Читаем Сама жизнь полностью

Не стоит считать отца Александра этаким разудалым шестидесятником. В известной мере Церковь – всегда диссидентство, мы все равно граждане другого Града. В советской системе, как и в Риме, существовала империя, а у нас – свой мир, параллельный. Политику вообще не нужно приплетать, не нужно лезть на рожон. Отец Александр так и полагал. Строго говоря, никого из нас он не предостерегал и от

диссидентства не отговаривал. Он твердо разграничивал: вот это относится к деятельности Церкви, а это заменяет ее и, скорее, не нужно. Но он никогда не говорил так прямо, что не нужно, и исключительно мудро давал возможность выбирать. Боялся он того, что борьба подпитывает злобу, а иногда и суету.

Но принадлежность к Церкви была диссидентством и другого рода – хранение и распространение литературы и тому подобные вещи…

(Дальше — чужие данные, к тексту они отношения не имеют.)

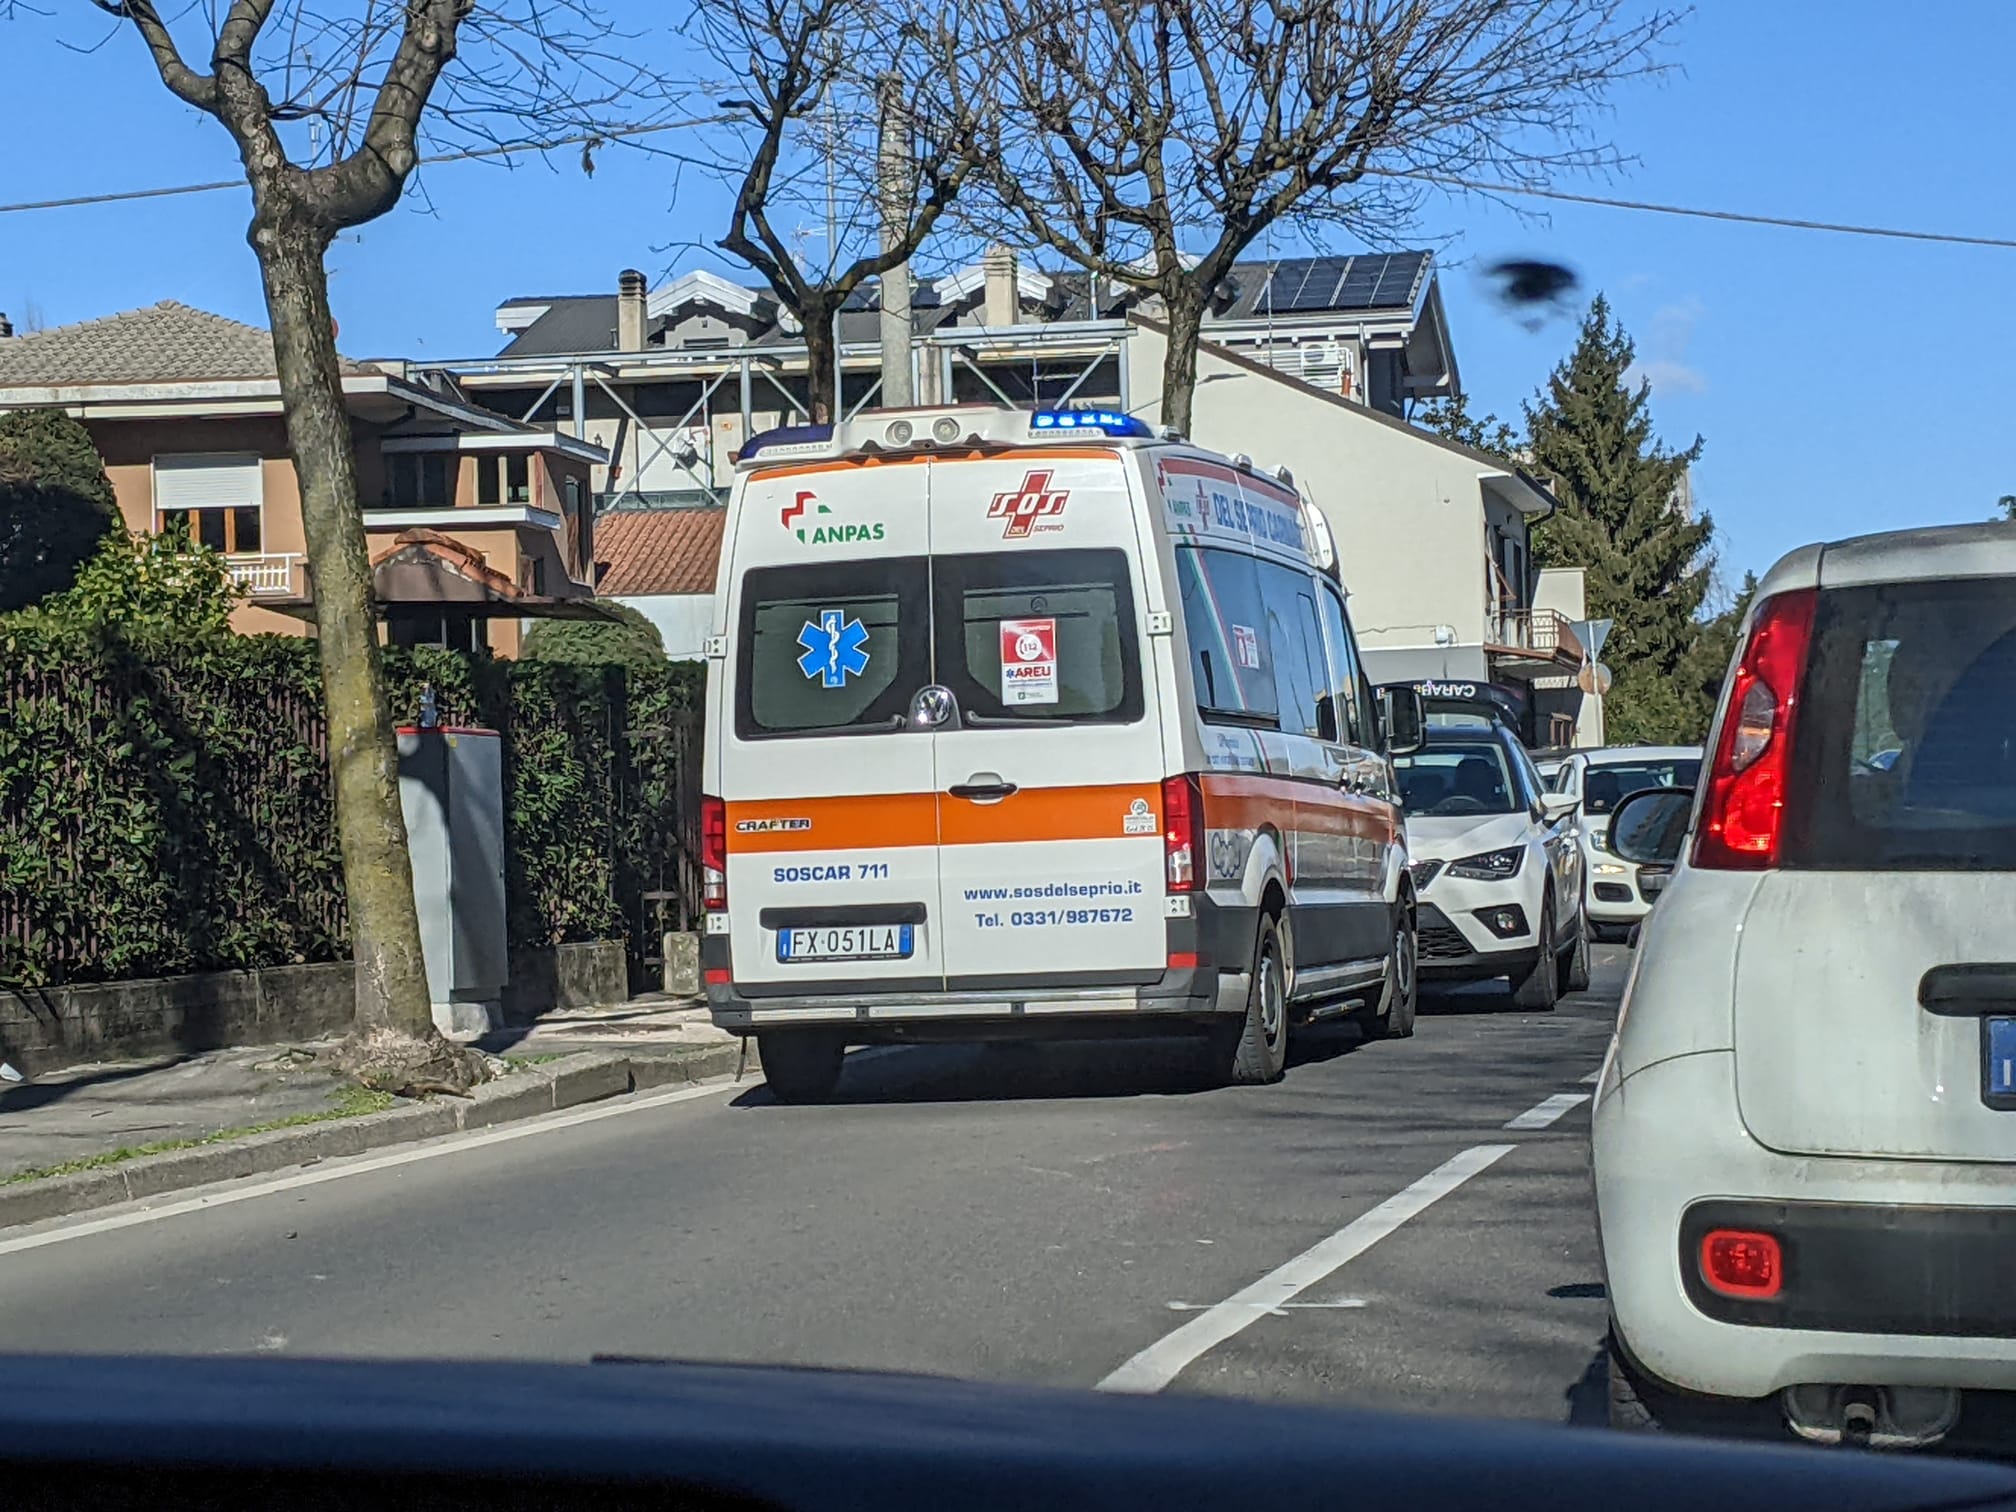 Scontro auto-moto in via Miola a Saronno: ragazza ferita e traffico rallentato

Разумеется, и мы чудом не дожили до того, как нас поголовно стали бы сажать. А Голгофа не исключается ни из какой жизни. Надо заметить, что просветительство, которым занимался отец Александр, тоже было своеобразным религиозным диссидентством. Претензии к нему предъявлялись со всех сторон: одни обвиняли его в том, что он мало борется с режимом и подсовывает народу «опиум»; другие – в том, что он как священник слишком нетрадиционен. И КГБ всю дорогу не оставляло его своим вниманием.

О, КГБ – это тема большая и отдельная…

Поэтому мне не хочется особо на ней останавливаться. Отец Александр был исключительно ми-лостлив и понимал, что все мы слабы. Он понимал, что КГБ – организация хитрая и страшная, лучше не попадаться, и которую не переиграешь. Он переигрывал, ведь кроме голубиной кротости отец Александр еще был мудр как змей. Но другим не желал. И продолжал общаться даже с теми, кого КГБ «переиграло», кто не выдержал и перед кем закрывали двери. Самого его обыскивали денно и нощно, часто вызывали. А он с кагэбэшниками дружил, он с ними разговаривал и не любил, когда ими гнушались, не считали их за людей. Он пользовался случаем любого

общения – в том числе и с ними, чтобы что-то такое заронить. Он не разделял людей на порядочных и непорядочных. Более того, боролся с этой позицией: вот, говорил он, интеллигенты не подавали руки – и доигрались. Он не считал, что он чем-то лучше этих людей: их Бог поставил так, его – так, и мы не знаем, как Бог сведет концы. Я совершенно не представляю, чтобы он мог говорить о ком-то с пренебрежением или презрением, как нередко говорим мы.

Мы действительно слишком часто грешим этим. А почему, по-вашему, и среди последователей отца Александра Меня бытует нетерпимость?

Это же совершенно ясно. Послание апостола Иакова, четвертая глава…

Вопросы задавал Александр Кырлежев

Бог почтил человека свободою

Десять лет мы рассказываем про отца Александра, и уже трудно не заметить, как это странно у нас выходит. Разумных и доброжелательных людей, по меньшей мере, удивляют та выспренность, та слащавость, та нетерпимость и то самоутверждение, с какими мы вспоминаем человека, у которого начисто не было этих свойств. Кто-кто, а отец Александр, как Честертон, знал, что «секрет жизни – в смехе и смирении». Он на редкость легко относился к себе; по всему было видно, что ему прекрасно знакома удивленная и благодарная радость блудного сына. Глядя на нас,

его духовных детей, усомнишься, что мы эту радость знаем.

Причины, конечно, не в отце Александре. Он делал, что мог, и намного больше. Досталось ему не столько «дикое племя интеллигентов», сколько странный и несчастный человек 1970-х годов, который толком и не описан. К этому времени множество по-советски, то есть очень средне образованных людей окончательно потеряли и «коллектив», и привычку к готовым ответам. Разбросанные по спальным районам, лишенные мало-мальски человеческой семьи, никому не нужные, мы жадно и жалобно искали нового всезнания, нового коллектива и чьей-то безоговорочной любви. Что тут может выйти? Всезнание – не вера, тем более – не живительное незнание; коллектив – не мистическое тело; любить нас, отдавая нам все, может только Бог. А главное, мы не хотели платить.

Очень часто отец Александр видел, что тронуть нас нельзя, можно только гладить, и это делал. Становясь психотерапевтом (и то особой школы), он повышал наше мнение о себе самих, отдаляя глубинное покаяние. Он этого не скрывал, охотно об этом беседовал, если заходила речь. Конечно, он знал опасности такой психотерапии. Знал и ее «предварительность» и, отдаляя для нас метанойю, пока что молился о том, чтобы, самоутверждаясь, мы не перекусали друг друга. Помню, как он смеялся (не очень весело), вспоминая крошку Цахеса и добрую фею из Гофмана.